■ Exercise brief ■
Your copy must hold all of the data below, unchanged and without images.

─── Study material ───

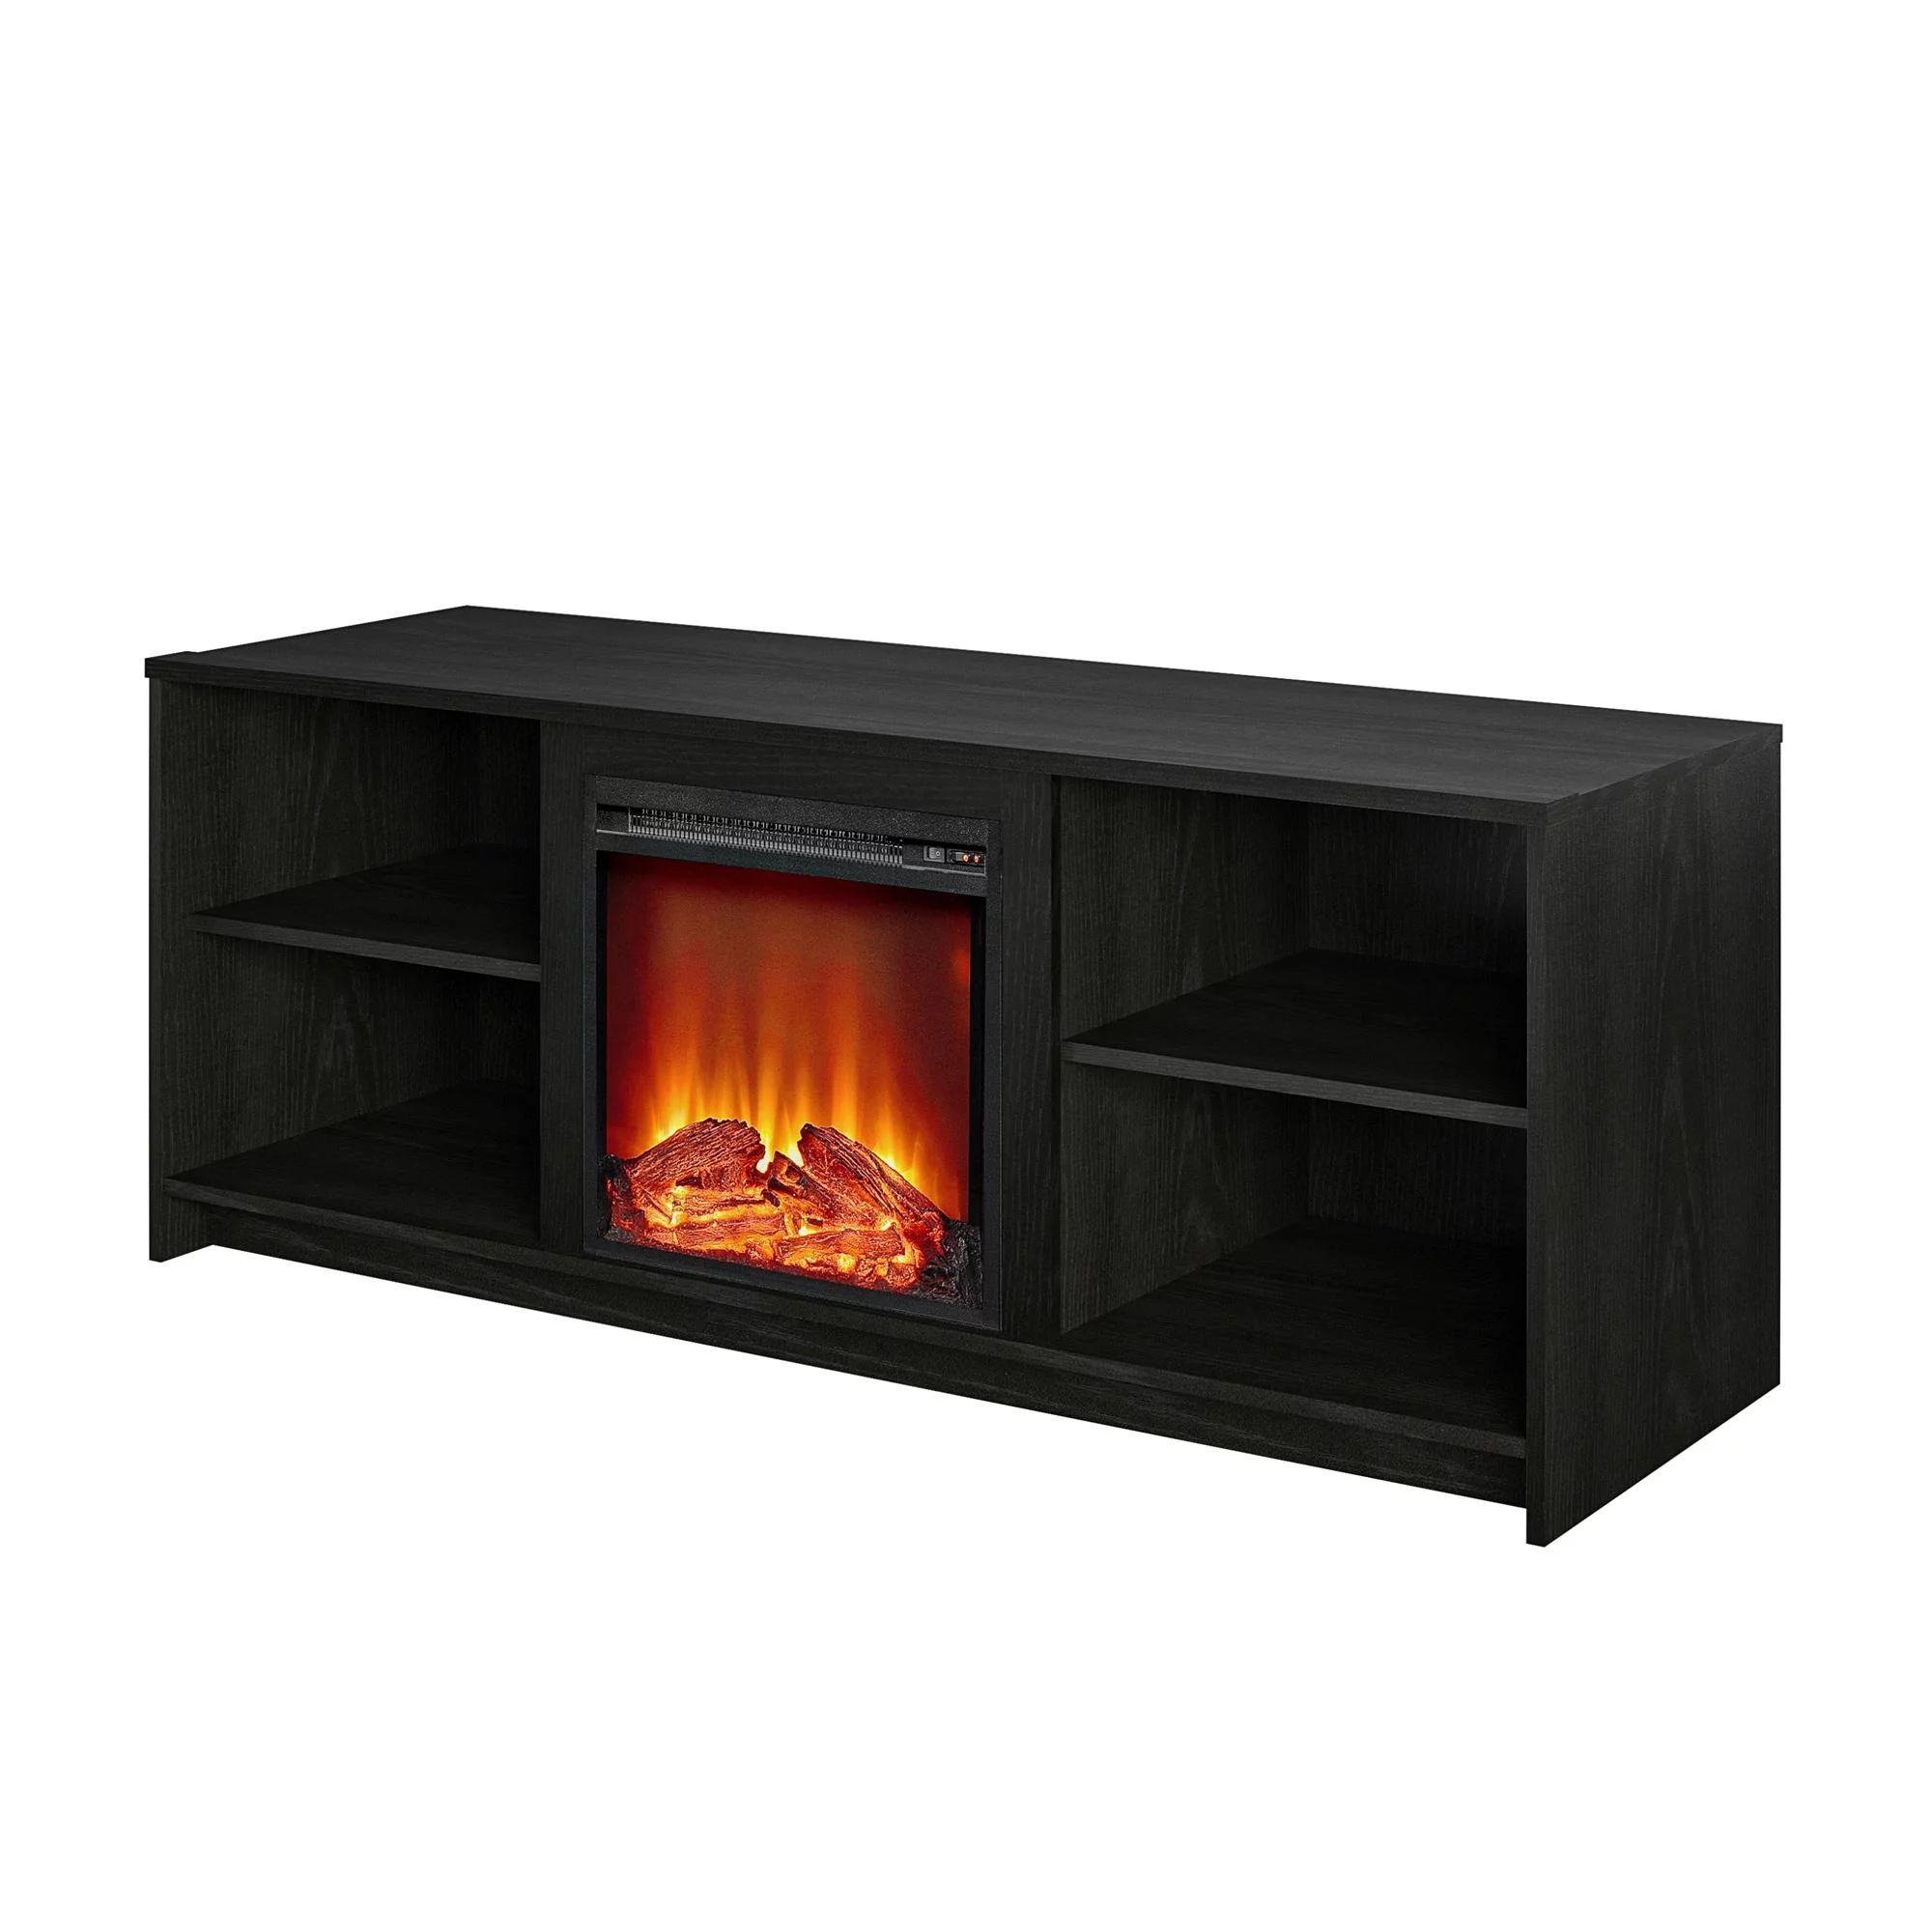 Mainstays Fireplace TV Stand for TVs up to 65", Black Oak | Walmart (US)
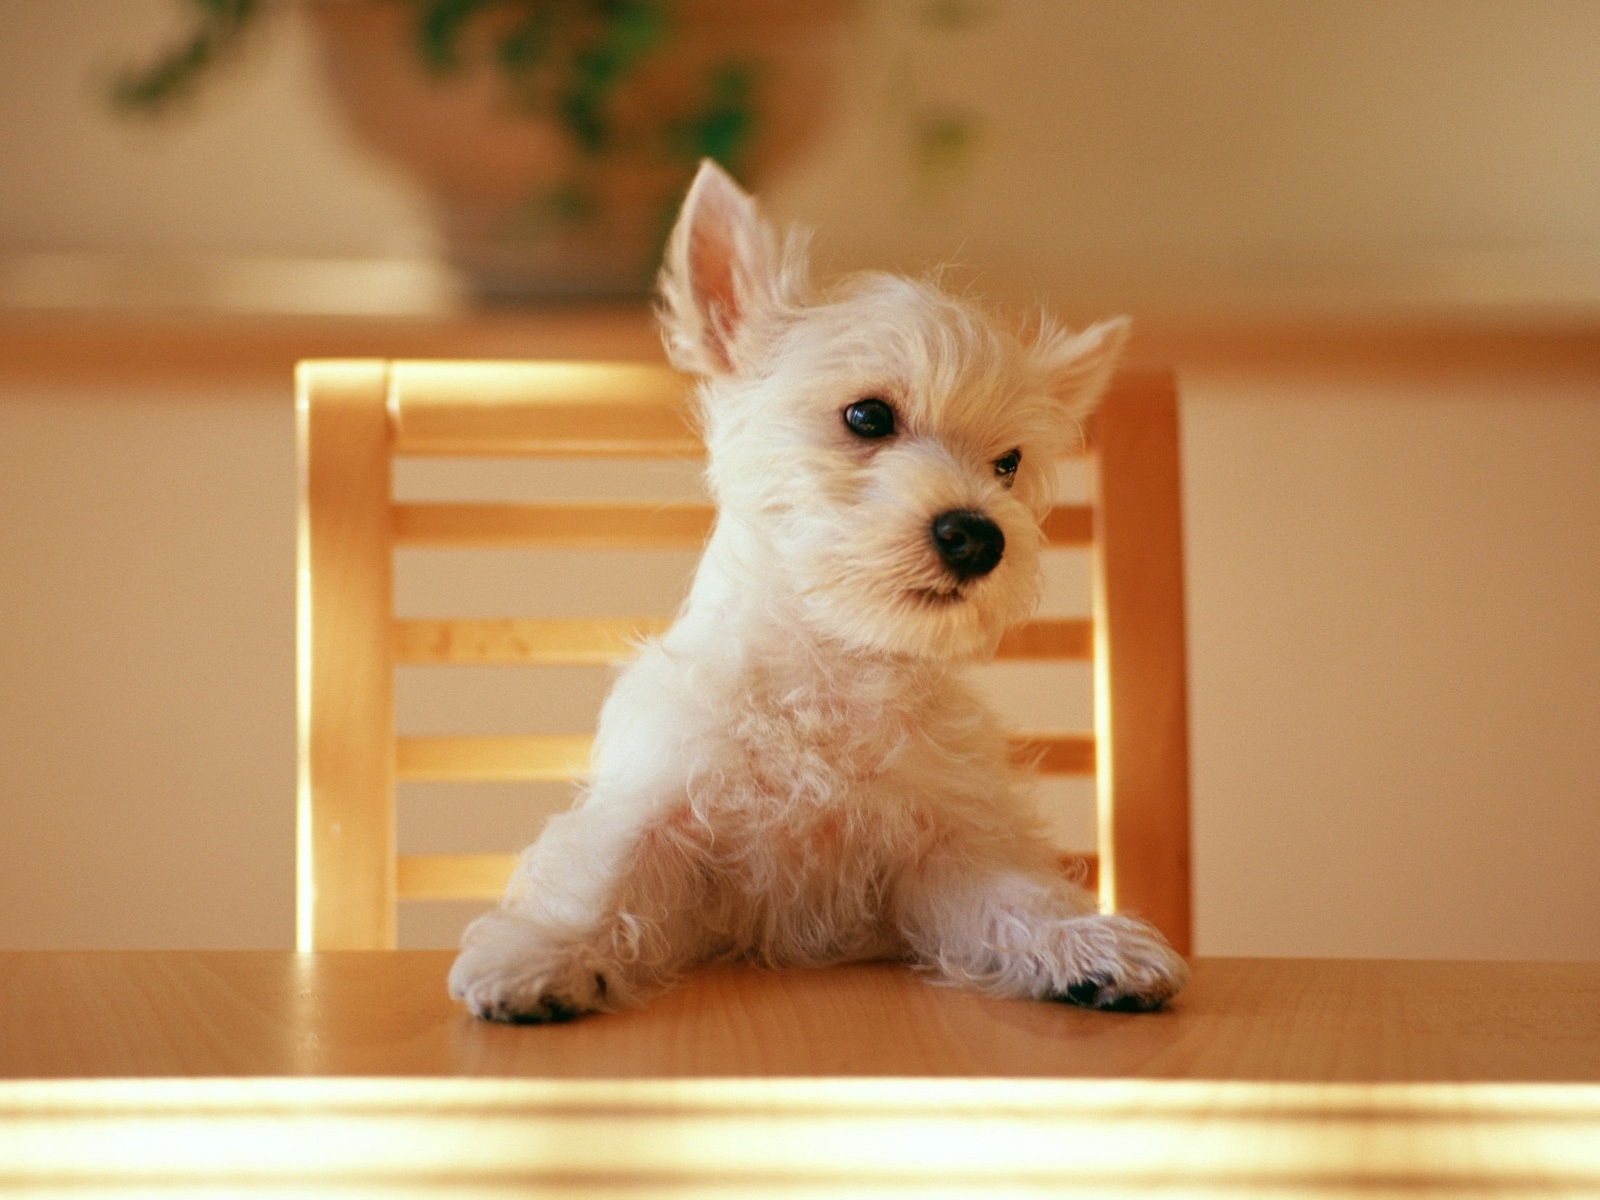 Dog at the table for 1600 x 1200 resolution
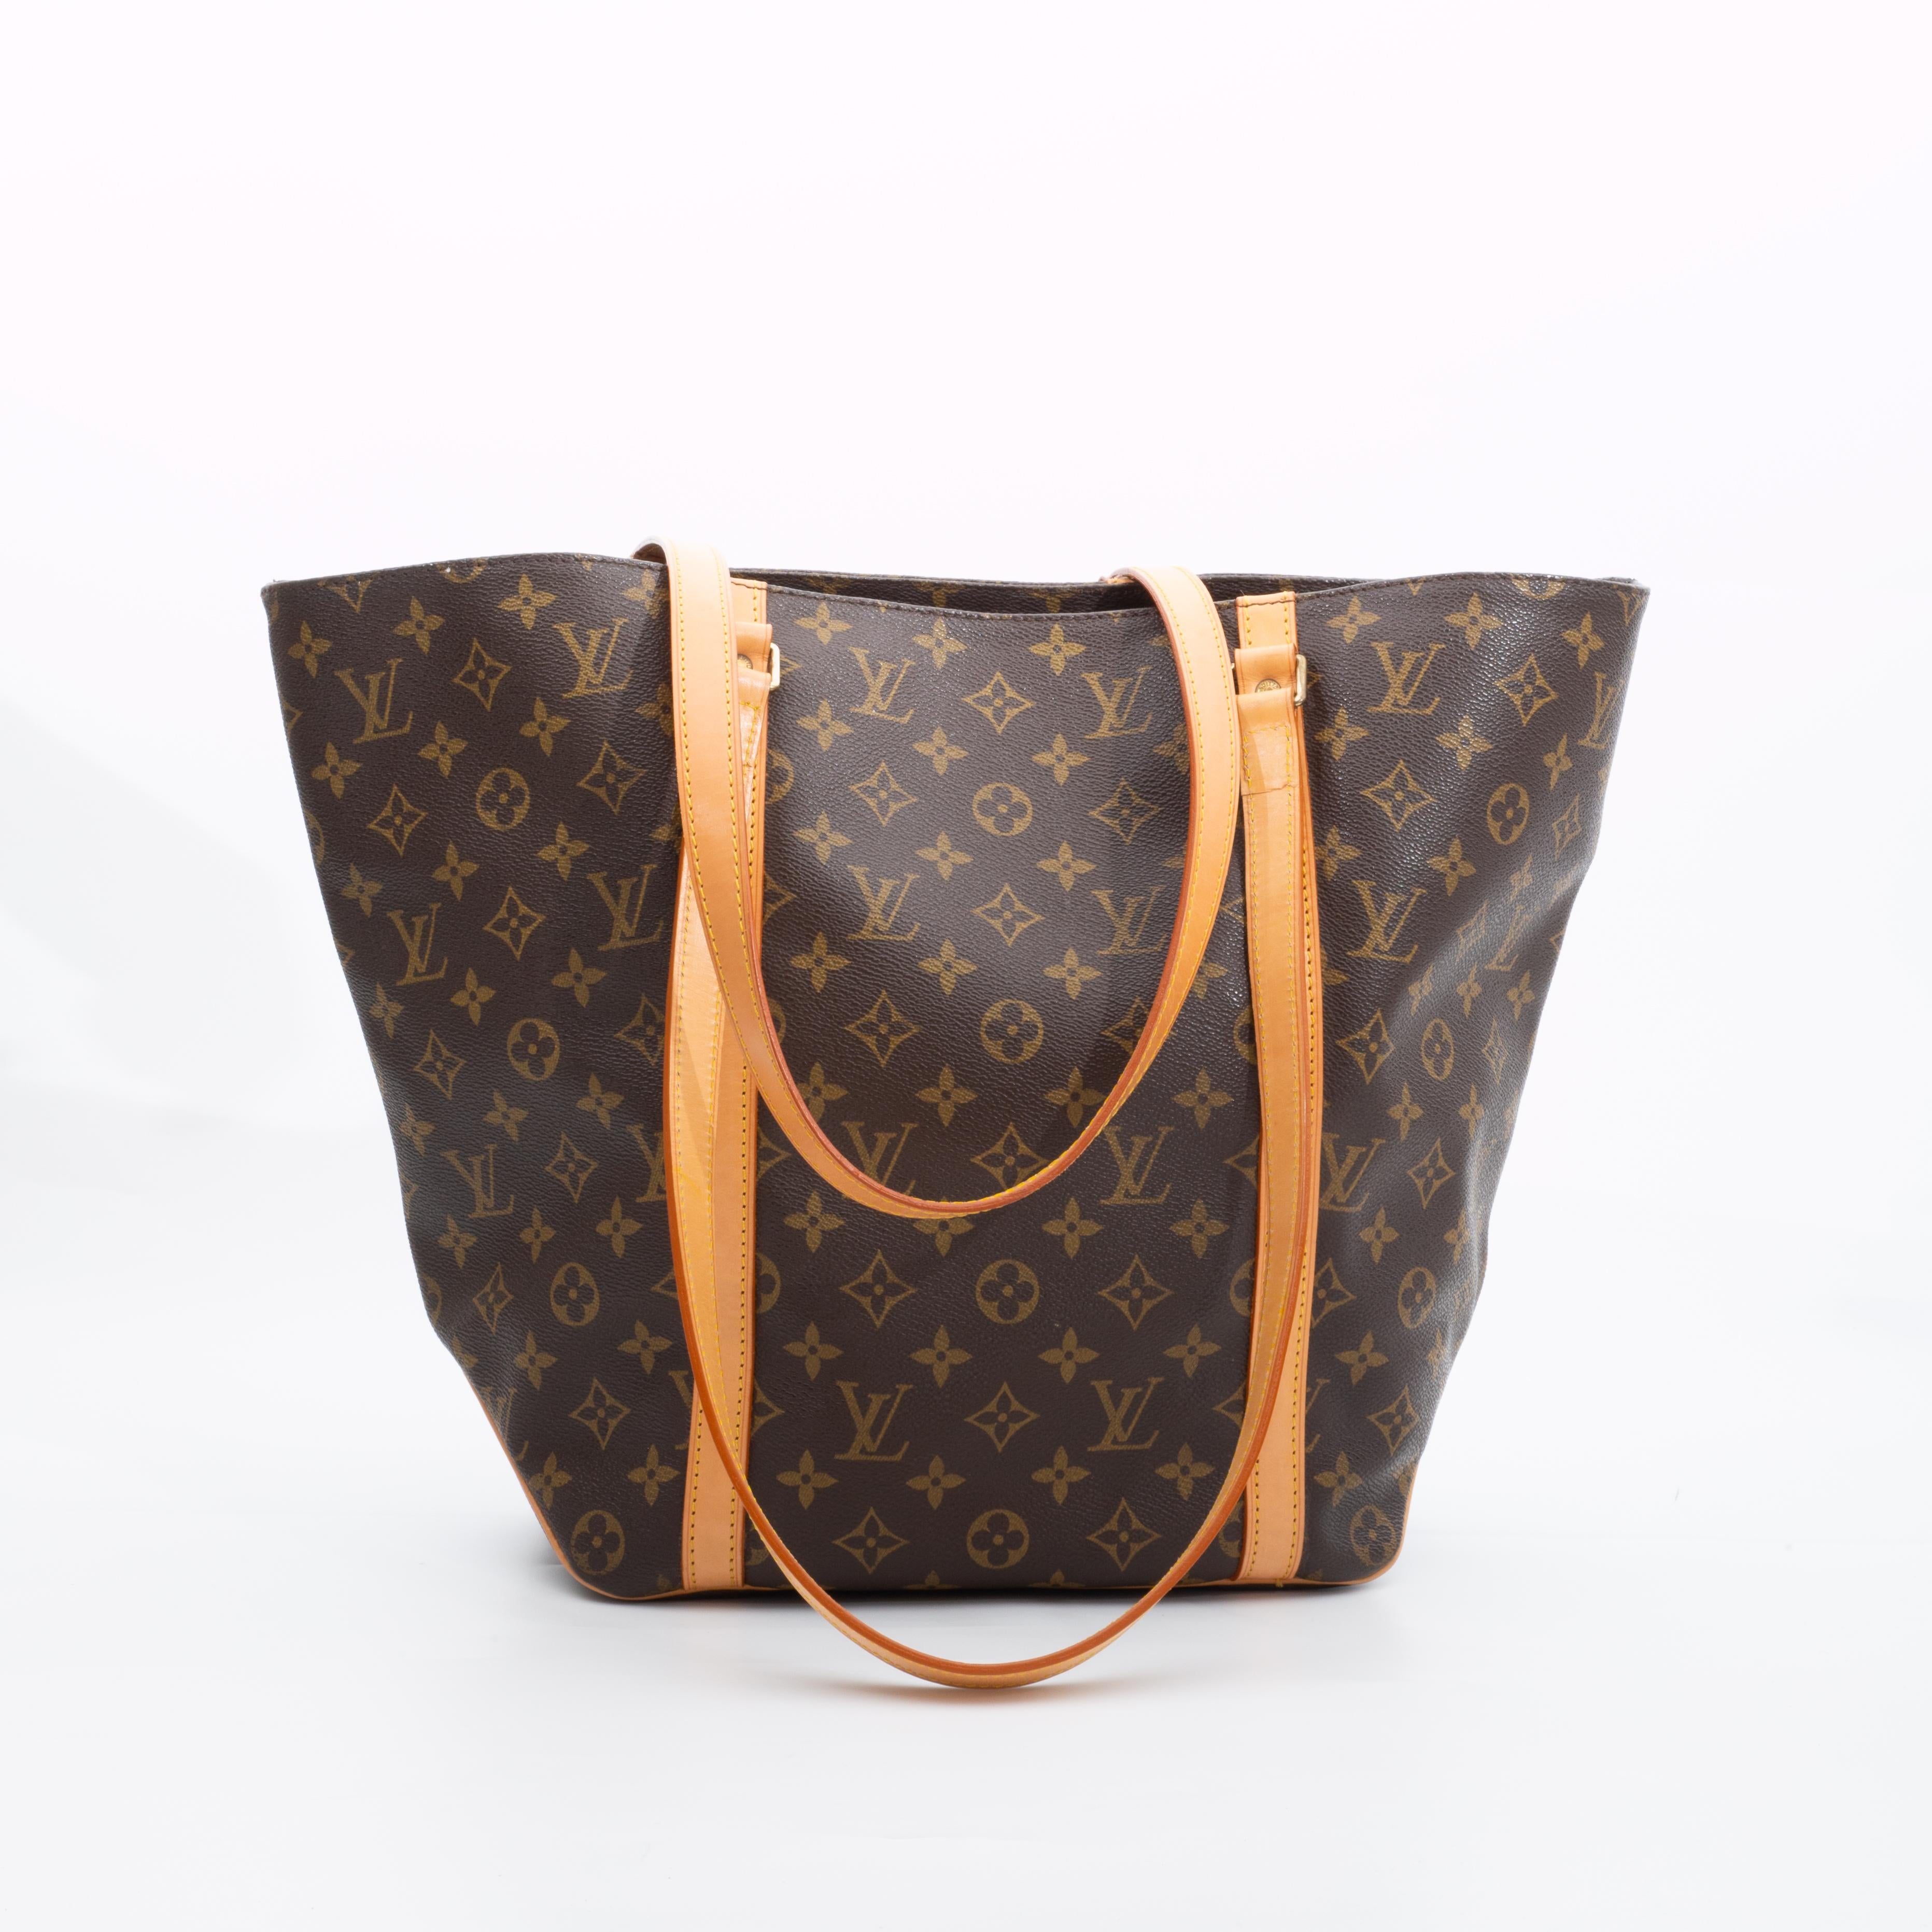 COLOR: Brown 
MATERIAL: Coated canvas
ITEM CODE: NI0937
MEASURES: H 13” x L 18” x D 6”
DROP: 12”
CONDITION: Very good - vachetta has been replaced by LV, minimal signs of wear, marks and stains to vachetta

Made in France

───

■ Exercise solution ■
 Mainstays Fireplace TV Stand for TVs up to 65", Black Oak | Walmart (US)
 Dog at the table for 1600 x 1200 resolution
 COLOR: Brown 
MATERIAL: Coated canvas
ITEM CODE: NI0937
MEASURES: H 13” x L 18” x D 6”
DROP: 12”
CONDITION: Very good - vachetta has been replaced by LV, minimal signs of wear, marks and stains to vachetta

Made in France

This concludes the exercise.